Name: Dr. Voraratt Champattanachai

Office address: B705A, 7th Floor, Biomedical Science Building
54 Kamphaeng Phet 6 Talat Bang Khen, Lak Si, Bangkok 10210, Thailand
Tel: +66 25530 8555 (ext. 8347 )
E-mail: Research Scientist II

Research Interests              My research has been focused on abnormal proteins associated to diseases, mainly in cancer. Cancer is a curable disease if diagnosis is made at the early stage of cancer progression and effective treatments are received in time. Available tumor markers currently used for cancer screening, however, are still not good enough due to lacking for specificity and they might be detected in some healthy people. In addition, although current treatments can inhibit or kill cancer cells at the certain point, they may have side effects against normal cells in the body. Currently, I am working mainly on two cancer research projects.

My first project is to search novel cancer biomarker. This research aims to seek abnormal proteins as well as proteins with post-translational modifications (PTMs) in cancer. Abnormality of PTMs including phosphorylation, glycosylation, and O-GlcNAcylation is one of most important characteristics of cancer hallmarks and they play vital roles in tumor aggressiveness and drug resistances.

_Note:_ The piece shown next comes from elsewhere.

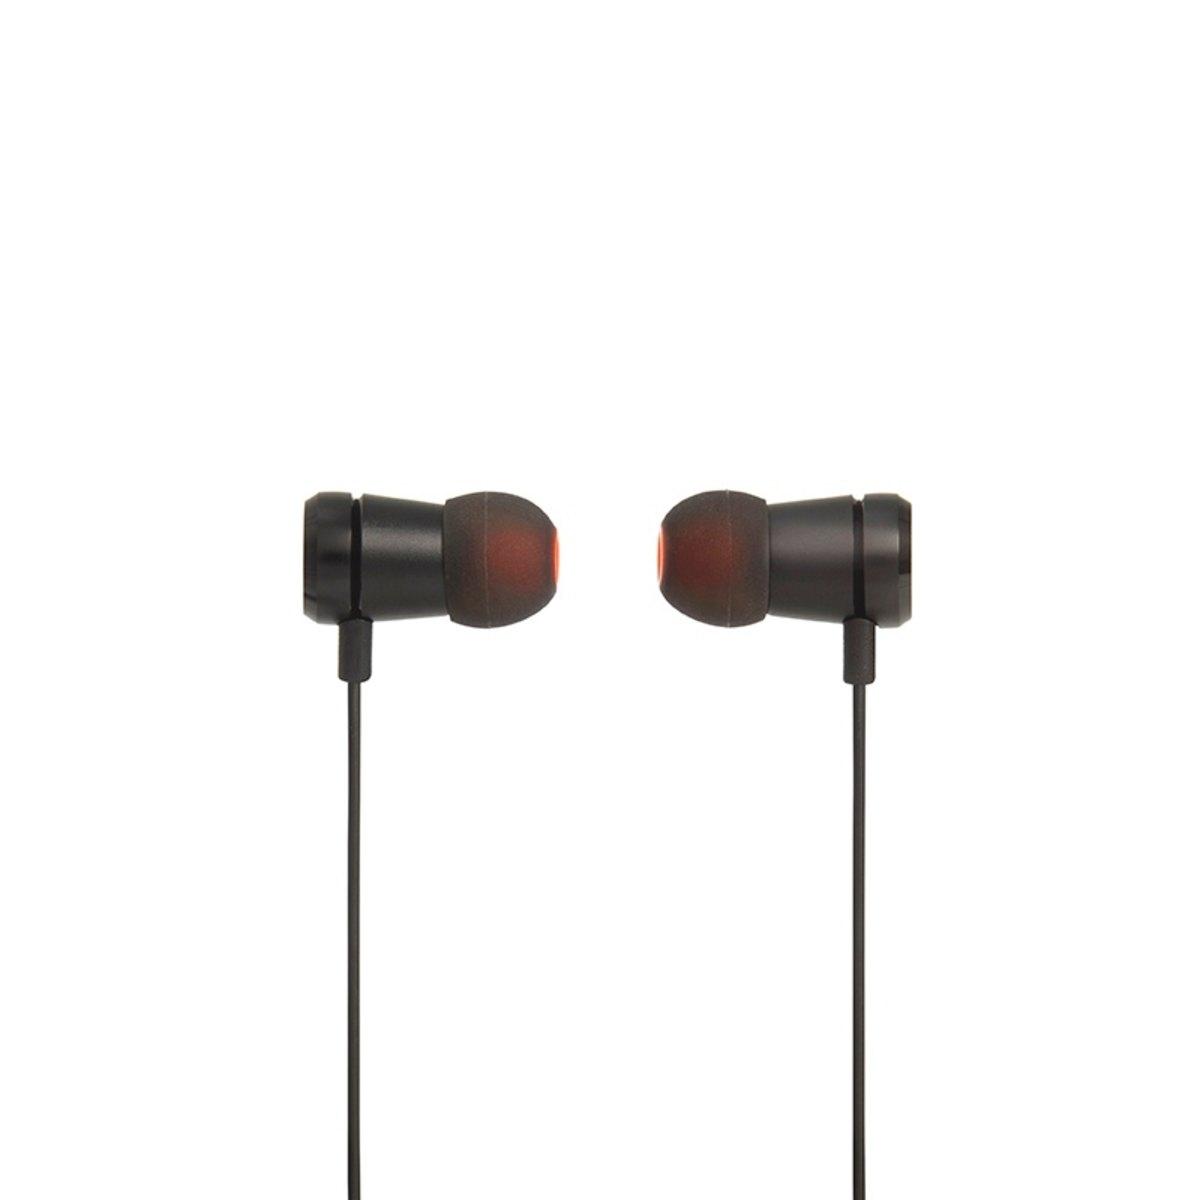 Fone de Ouvido Intra-auricular Com Controle Pure Bass Preto Jbl Jblt290blk

Finding these abnormal proteins can be applied not only as tumor biomarkers but also as potential targets for cancer treatment. Currently, I am using an advance technology of proteomics-base mass spectrometry, in collaboration with our colleagues, to identify and quantify these abnormal proteins in breast and colorectal cancer, in particular cancer tissues, cell lines, and liquid specimens i.e. plasma and exosomes obtained from patients with cancer.

Another cancer project is to investigate the immune-checkpoint proteins for cancer therapeutics. Some cancer cells have partner proteins that bind to the checkpoint of native immune cells such as macrophages and cytotoxic T cells, inhibiting their functions. Immunotherapy drugs block this binding. We just explored the potential use of inhibitors of CD47/SIRPa and PD-L1/PL-1. Our preliminary results indicate that some breast cancer sub-types showed a good response for these inhibitory effects. In the future, I am planning to test of cancer cells and blood obtained from patients with breast cancer which may apply as an option in personalized medicine for those patients.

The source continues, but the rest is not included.